Computerized Synthesized Organized

Rudy Rosa with his Custom X66 Hammond Computerized Synthesized Organized LP
(R&R Productions, 197?)

Sometimes you have to let a record speak for itself...or, in this case, a record's liner notes:

The Organ has indeed made giant strides in the art of music and self-expression, from the days of the old pump organs, up through the age of the mighty pipe organ, and now into the electronic era, bringing with it, horizons limited only by the artists imagination.

To capture on disc, the unlimited, inspiring, and mind altering sounds of the electronic organ and synthesizer requires not only a computer-synthesizer organ complex, but also an individual to perform equally well as a musician and electronic engineer.

Such a person is Rudy Rosa. Both musically and electronically oriented, Rudy began his career at the age of six, giving him to date, over 24 years in the music field. Rudy designs, builds and services his equipment, and also recorded the master of this album, using his wife Sue, as chief engineer.

It is interesting to note that Rudy cannot read a note of music, and never had a lesson on the organ. His father taught him to play the accordian by ear. Also the organ complex you see and hear on this album is one of a kind, the sounds you hear can only be described in the same way, "Totally Unique." The Organ console basically is a Hammond X-66 used in companion with an Arp synthesizer, along with a mass of other electronic apparatus. Rudy's organ complex boasts an array of switches, knobs and dials that give the appearance of a 747 cockpit. The only difference in this case, there is only one pilot, and also it will never get off the ground. However musically, it has risen high in the musical world, and this can be wittnessed by the crowds that flock to see Rudy perform at Manny's Surf and Turf Supper Club located in Fairfax, Virginia on the outskirts of the nations capitol, Washington, D. C.

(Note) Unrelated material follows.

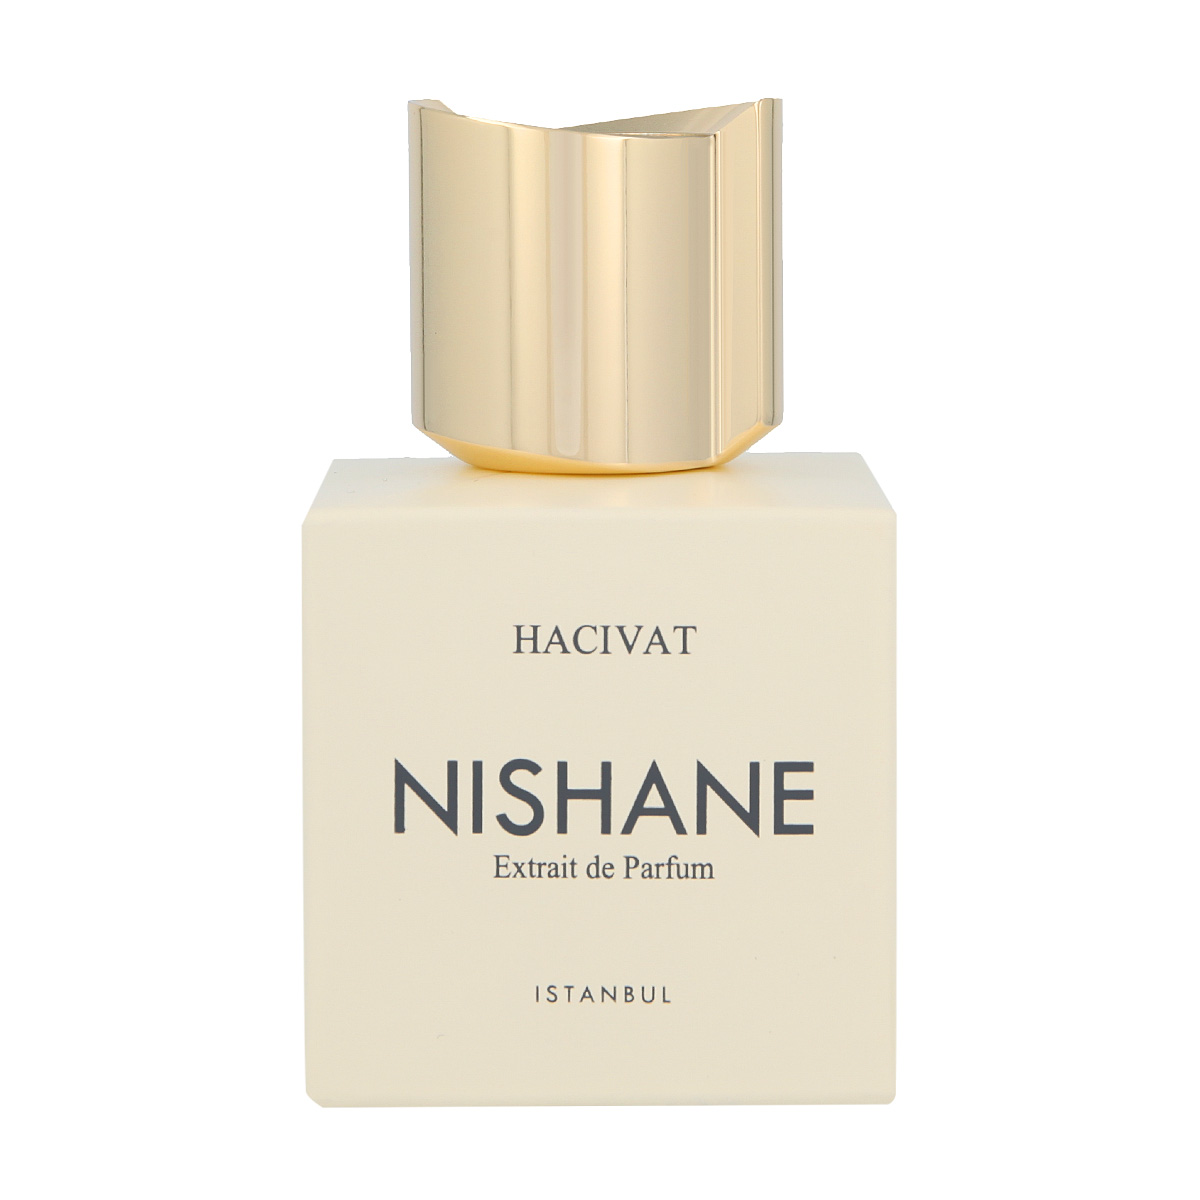 Nishane Hacivat 5 ml NIŠINIAI kvepalų mėginukas (atomaizeris) Unisex Parfum

The next best thing to being there is to listen to Rudy perform on this, his latest album, that you are sure to enjoy.

See you at Manny's.

Here are three of the ten songs on this record, a sampling which fairly represents the genius of Rudy Rosa and his amazing Organ complex.

It only gives the impression of a 747 cockpit, right? I mean, he doesn't perform in the actual cockpit of a 747, or else, where would the pilot sit and who would fly the plane?

Thanks for setting me straight on this.

On a completely unrelated note I saw this article and it reminded me of you:


Jim Stafford's "Spiders and Snakes"?!

Words fail. Does he tackle Ray Stevens' "The Streak," too?